Pour cela, répondez en 4 étapes :

  1. faites part de vos regrets par rapport à la situation ;
  2. expliquez que la satisfaction de votre client/patient est primordiale et que vous souhaitez tout mettre en œuvre pour cela ;
  3. demandez-lui plus de détail sur les faits, cela l’obligera à être plus objectif et à argumenter sa “plainte” ;
  4. le commentaire public est à rédiger une fois que la situation a été réglée en privé, ou bien si vous avez répondu au commentaire public et que vous n’avez eu aucune réponse. Dans ce commentaire, vous pouvez par exemple décrire les démarches que vous avez entreprises pour établir un contact avec l’internaute.

Ainsi, les personnes extérieures au litige comprennent que vous avez mené une démarche pour remédier à une mauvaise expérience.

 

Supprimer un commentaire négatif

Si l’auteur du commentaire n’est pas accessible ou s’il n’est pas possible de répondre au commentaire (cas des forums avec commentaires clos) alors il faut prendre contact avec le site qui abrite le litige.

 

Cas particulier de Google My Business

Google My Business est un outil gratuit et simple d’utilisation, qui permet aux entreprises et aux organisations de gérer leur présence en ligne sur Google, notamment lors d’une recherche qui les concerne, sur Google et sur Google Maps. En faisant valider et en modifiant les informations relatives à votre établissement, vous pouvez à la fois aider les internautes à vous trouver sur Google, mais aussi leur parler de votre activité.

 

L’encart généré par Google My Business se situe sur la partie droite de la page. Sa visibilité est importante.

 

En cas de propos injurieux sur Google My Business :

  • il faut se connecter sur son compte et signaler le propos diffamatoire ou injurieux.

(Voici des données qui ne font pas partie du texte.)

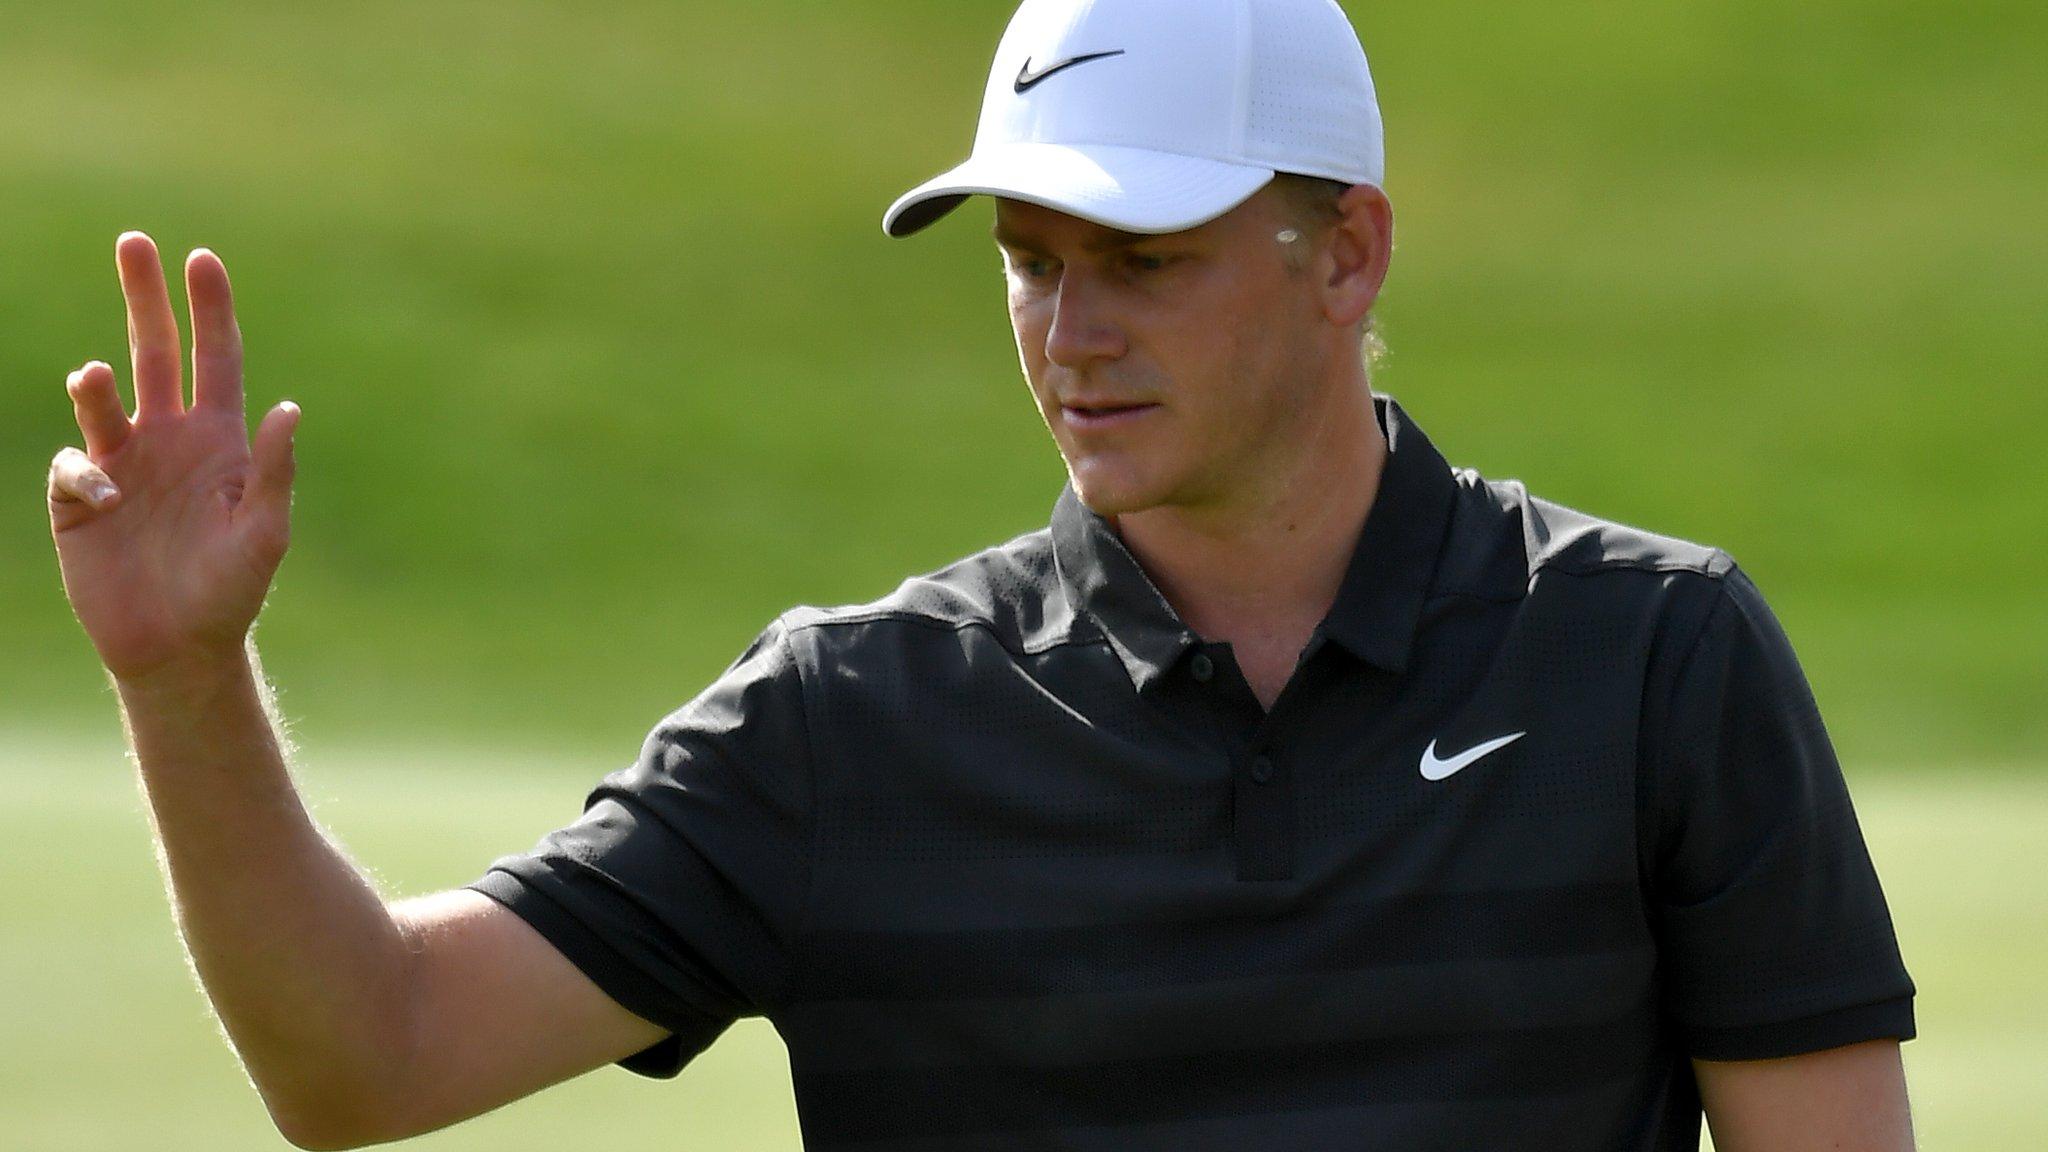 Desert Classic: Adam Long, world number 417, beats Phil Mickelson to win maiden PGA Tour title

Mais cela est laissé à la libre appréciation de Google ;
  • dans le cas où le commentaire ne serait pas supprimé par Google, il faut fermer son compte et en ouvrir un autre (démarche longue, plusieurs mois).

 

Agir sur l’environnement du commentaire : augmenter sa visibilité de façon positive

Si les commentaires négatifs ne peuvent pas être modérés et qu’ils restent sur le web, il faut les “enterrer” avec des commentaires ou du contenu plus récent.

 

Enterrer des commentaires

Au sein d’une plateforme (comme Google My Business), une façon de faire disparaitre le commentaire négatif est d’obtenir des commentaires positifs plus récents, car seuls les 6 derniers avis apparaissent. Si vous arrivez à obtenir ces 6 avis positifs, votre mauvais avis ne sera plus lisible par les internautes (par contre votre note globale en tiendra toujours compte).

Susciter les avis positifs est une opportunité à saisir. Pour cela, vous pouvez tout simplement prendre l’initiative d’encourager les commentaires des patients satisfaits directement auprès d’eux : suggérer (en restant dans le cadre de la déontologie et de la loi) de mettre un commentaire positif à l’issue du questionnaire de satisfaction est une piste. 

Dans le cas où certains sont mécontents, proposez-leur de nouvelles idées ou dites-leur que vous prenez en considération leurs retours afin d’améliorer vos services (avant qu’ils ne laissent un commentaire négatif), dans les établissements de santé, à la sortie, la saisie du questionnaire de satisfaction est le bon moment pour cela.

 

Créer un site et un blog (et l’entretenir !)

La plupart des établissements de santé ont un site, mais beaucoup de praticiens n’en n’ont pas. Le site internet, c’est évidemment la base de travail qui permet d’être présent sur la toile autrement que par les annuaires ou Google Map/Google My Business.

Sur ce site internet, il faut fournir à minima les informations utiles pour toute personne intéressée par votre structure : adresse, téléphone, mail, prestations… Mais pour aller plus loin et montrer à votre audience que vous connaissez votre patientèle et que vous savez la prendre en charge, il est tout à fait possible d’y détailler toutes les prestations de votre établissement ainsi que les pathologies concernées.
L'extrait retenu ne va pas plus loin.